## Prompt
Output, word for word, the lines of this listing that fall between the line with "ŽENA-IN - Moschino" and the line with "Wrangler Men's Stitched", counting both of those lines, and no others.

## Material supplied
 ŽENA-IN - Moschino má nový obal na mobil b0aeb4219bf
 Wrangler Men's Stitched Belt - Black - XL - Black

==

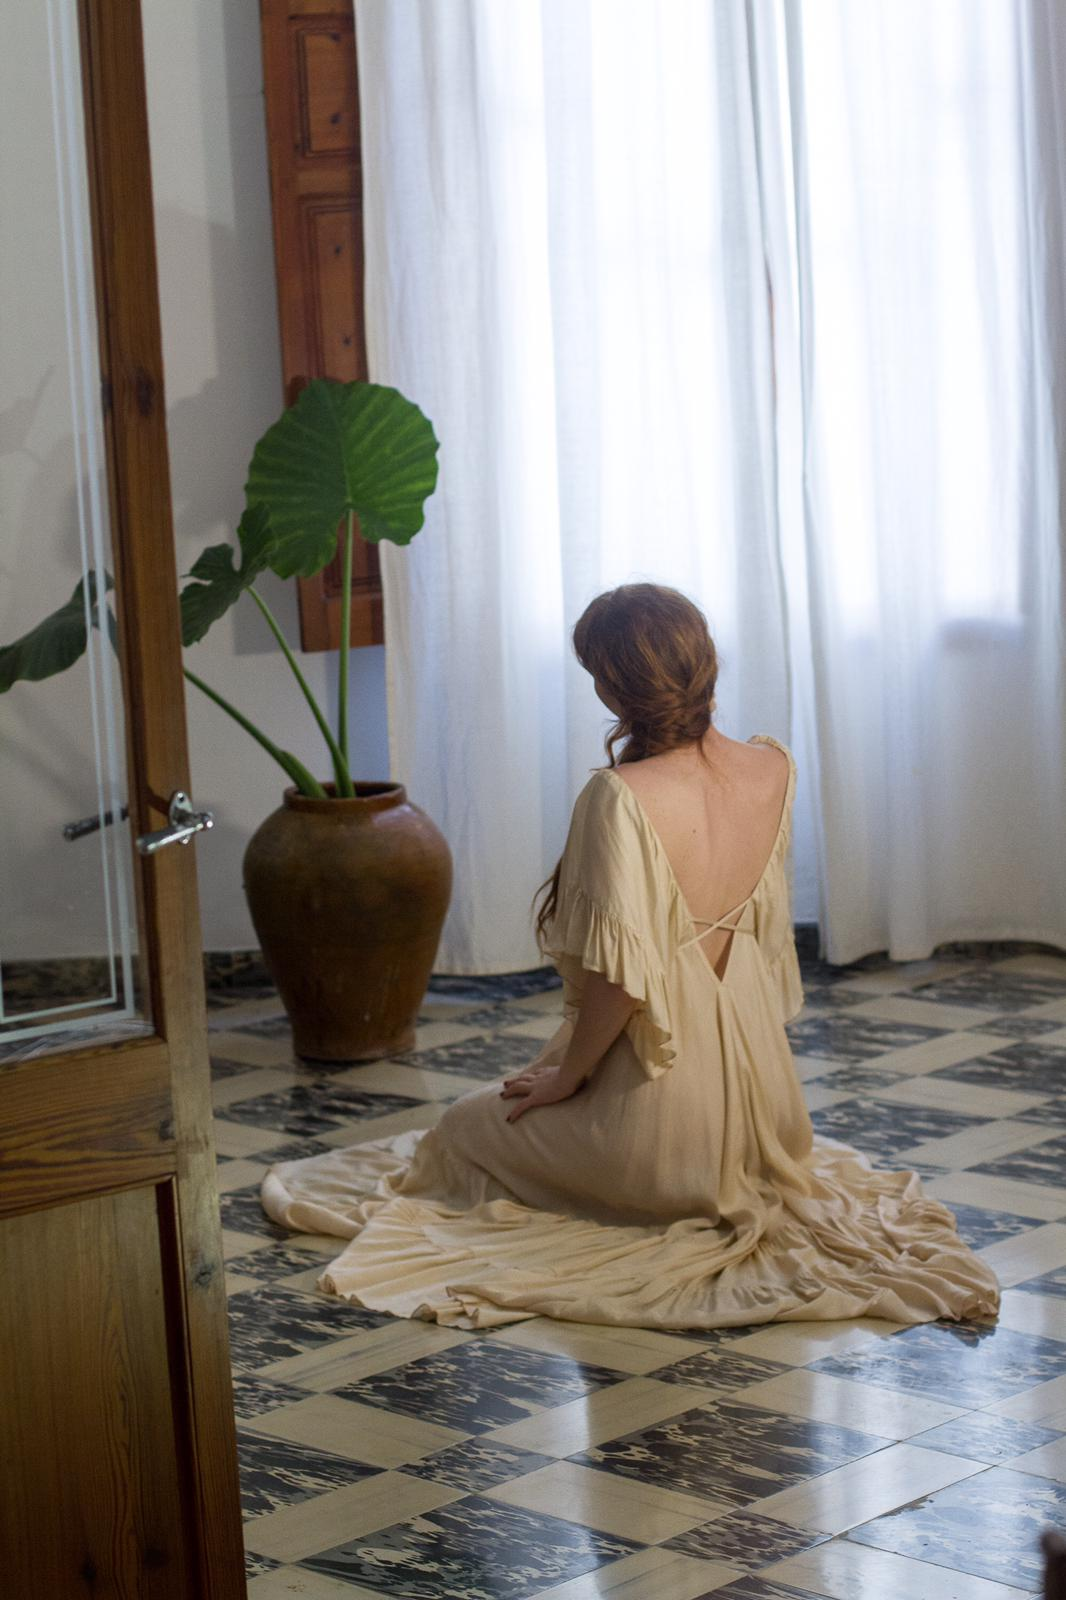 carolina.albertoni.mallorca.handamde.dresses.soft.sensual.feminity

## Output
 ŽENA-IN - Moschino má nový obal na mobil b0aeb4219bf
 Wrangler Men's Stitched Belt - Black - XL - Black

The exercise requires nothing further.